Wherein, g (y) represents the value by the neuron node after activation primitive, and y is represented by net before activation primitive The value of the neuron node of the output of network.

In the present embodiment, it is tied using using Delayed Neural Networks (Time-delay Neural Network, TDNN) Structure, used TDNN structures are seven layers, each 576 output nodes of hidden layer, using ReLU activation primitives, every layer of configuration point It is not：{ -1,0,1 } { -1,0,1,2 } { -3,0,3 } { -3,0,3 } { -6,3,0 } { 0 }, wherein { -1,0,1 } represent first layer will be defeated Enter the present frame of layer and its input feature vector of former frame and a later frame be stitched together as input, and so on, every layer of meeting by its The output node at preceding layer several moment is stitched together as input.The output node number of network for 78 (39 English phonemes and Corresponding 39 " blank " symbols).
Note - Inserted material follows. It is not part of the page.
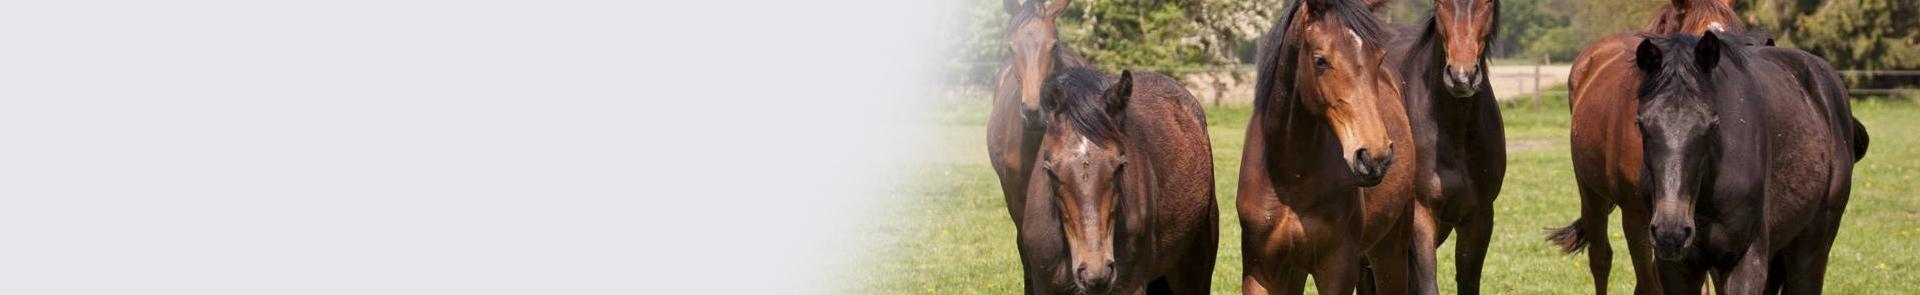 KeyVisual-Pferde_1

It should be noted last that the above embodiments are merely illustrative of the technical solutions of the present invention and it is unrestricted.Although ginseng The present invention is described in detail according to embodiment, it will be understood by those of ordinary skill in the art that, to the technical side of the present invention Case is modified or replaced equivalently, and without departure from the spirit and scope of technical solution of the present invention, should all be covered in the present invention Right in.

Claims

A kind of 1. method of the acoustic training model based on CTC, which is characterized in that this method includes：

One step 1, training initial GMM model, time point pressure is carried out with the GMM model to the text marking of training data Alignment, obtains the time zone corresponding to each phoneme in the phoneme notation sequence of training data；

Step 2, in the phoneme notation sequence of training data, be all inserted into after each phoneme one it is relevant " empty with the phoneme Symbol in vain ", then each phoneme gather around there are one distinctive " blank " symbol, the i.e. phoneme of the quantity of " blank " symbol and training data Phoneme quantity in annotated sequence is identical；

Step 3, using finite state machine, it is front and rear to meter to adding in one CTC of phoneme notation sequence construct after " blank " symbol The searching route figure of calculation；

Step 4, according to the time unifying in step 1 as a result, being limited the time range that each phoneme occurs, it is specified that each The time that phoneme occurs, in result be aligned setting " time tolerance " parameter set each phoneme time of occurrence, and according to This limitation carries out beta pruning to the searching route figure built in step 3, and phoneme position beyond the path of time restriction is cut, is obtained Required searching route figure when calculating network error to final CTC；

Step 5, using Delayed Neural Networks structure TDNN, carry out acoustic training model in conjunction with CTC methods, obtain final TDNN-CTC acoustic models, using ReLU as activation primitive in TDNN；The ReLU activation primitives formula is：

G (y)=max (0, y)

Wherein, g (y) represents the value by the neuron node after activation primitive, and y is represented by network before activation primitive The value of the neuron node of output.
2. the method for a kind of acoustic training model based on CTC according to claim 1, which is characterized in that in step 3 In, in the searching route for carrying out the preceding backcasting, each " blank " is allowed to continuously repeat arbitrary time and is occurred, and two phases Modeling phoneme between adjacent " blank " symbol discontinuously repeats.
3. the method for a kind of acoustic training model based on CTC according to claim 1, which is characterized in that described each Ranging from 50-300 milliseconds of phoneme time of occurrence.